New research finds that blue whales aren’t compelled to move out of the way of passing ships.

by Hannah Moore

May 11, 2015—Business and leisure sailors will want to carefully watch for blue whales while out on the water. New data reveals that the animals are not adapted to safely dodge an oncoming ship, according to Discovery News.

Published in Endangered Species Research, this study from Stanford University is the first time that whales’ reactions to passing ships have been tracked, reported the Contra Costa Times.

Blue whales don’t have an evolutionary history of ships killing them, so they haven’t developed the behavioral reflexes that would prompt them to avoid ships.

To conduct the study, researchers put GPS on several blue whales off the Long Beach, CA. They tracked nine whales for 24 hours and saw the whales closely encounter 20 ships separately. The distances between the whales and ships were from 60 meters to more than 3 kilometers.

Researchers saw that the whales tended to “play dead” when they saw the ships, when they should have plunged in a fast dive to get out of the way quickly. The whales even pivoted at a slighter angle and moved at a slower speed than usual during these close encounters with the ships.

Instead of kicking its tail up and moving vertically downward while diving, the blue whale sinks horizontally. This creates a slow dive and makes the whale vulnerable to a collision with a passing ship.

To safely avoid a ship, a whale must dive at least 30 meters.
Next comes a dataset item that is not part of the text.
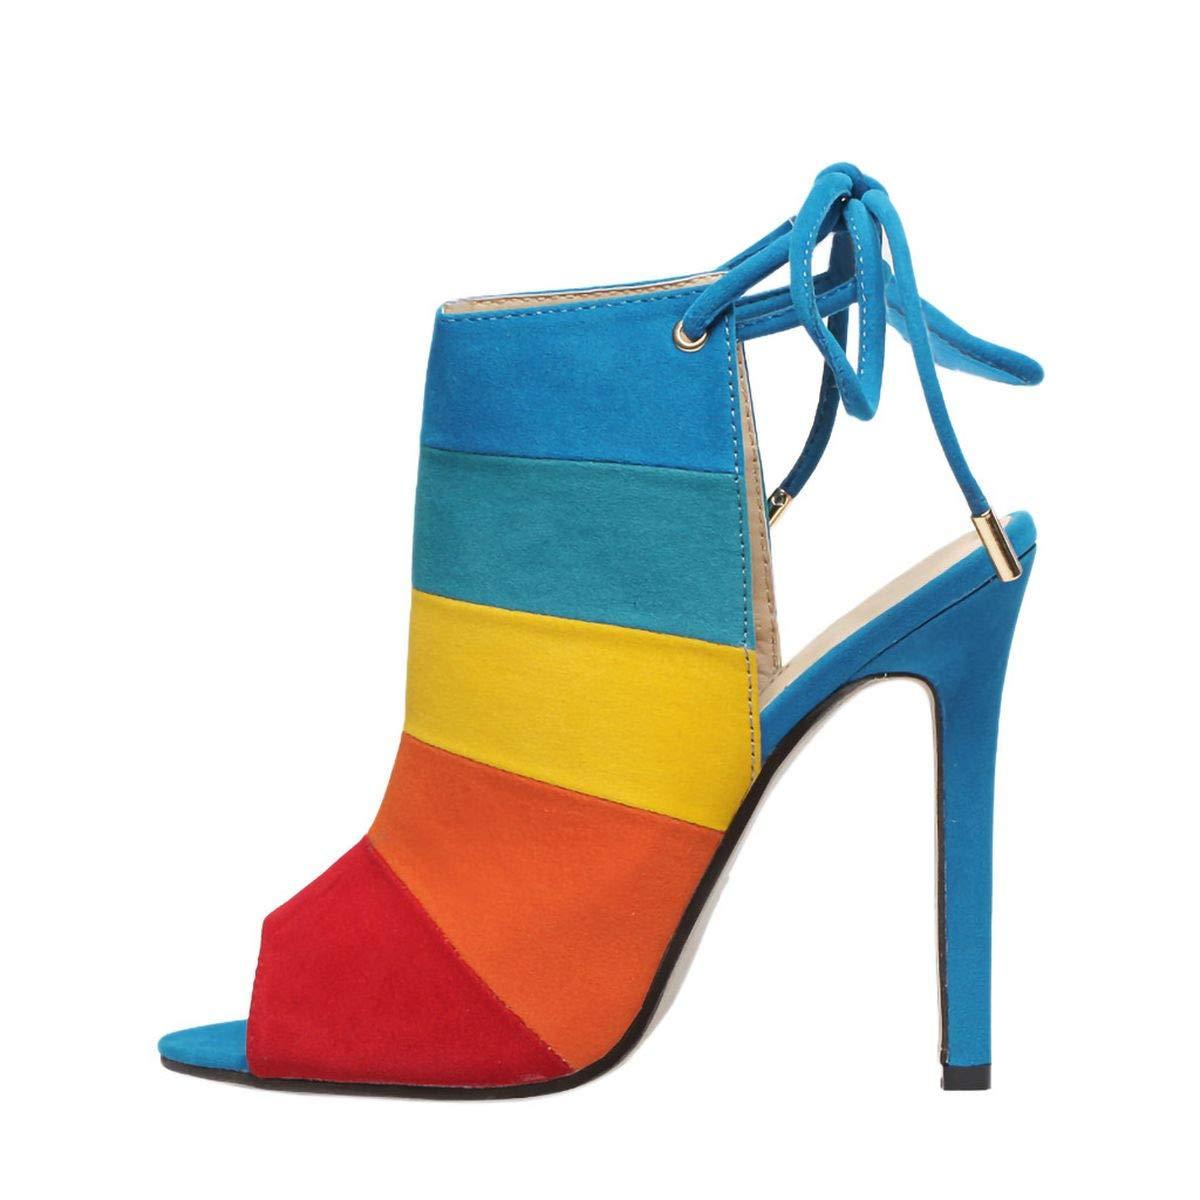 Women's Slingbacks Peep Toe Stilettos High Heels Shoes Roman Lace-up Sturdy Pumps Rainbow Fish Mouth Sandals (Multicolor, 7)

The observed whales sank at about half a meter per second.

Blues aren’t the only whales with lack of ability to avoid ship dangers, either. A lifeless humpback whale was found on a Pacifica beach last week, with injuries suggesting that it was killed by a moving ship.

Researchers hope to make a plan to help both shipping businesses and leisure sailors better avoid striking slow-moving whales.

Ship speed limits and re-routes to avoid known whale breeding areas have been implemented in some areas, but the efforts are not widely enforced. Jeremy Goldbogen, the study’s senior author, argues that enforced ship speed limits would help decrease the threat of ships to marine mammals.

Blue whales are the largest animals to ever roam the Earth. Adult-sized blues are up to 100 feet long and can weigh up to 200 tons. They typically dive for krill and consume thousands of pounds of it per day.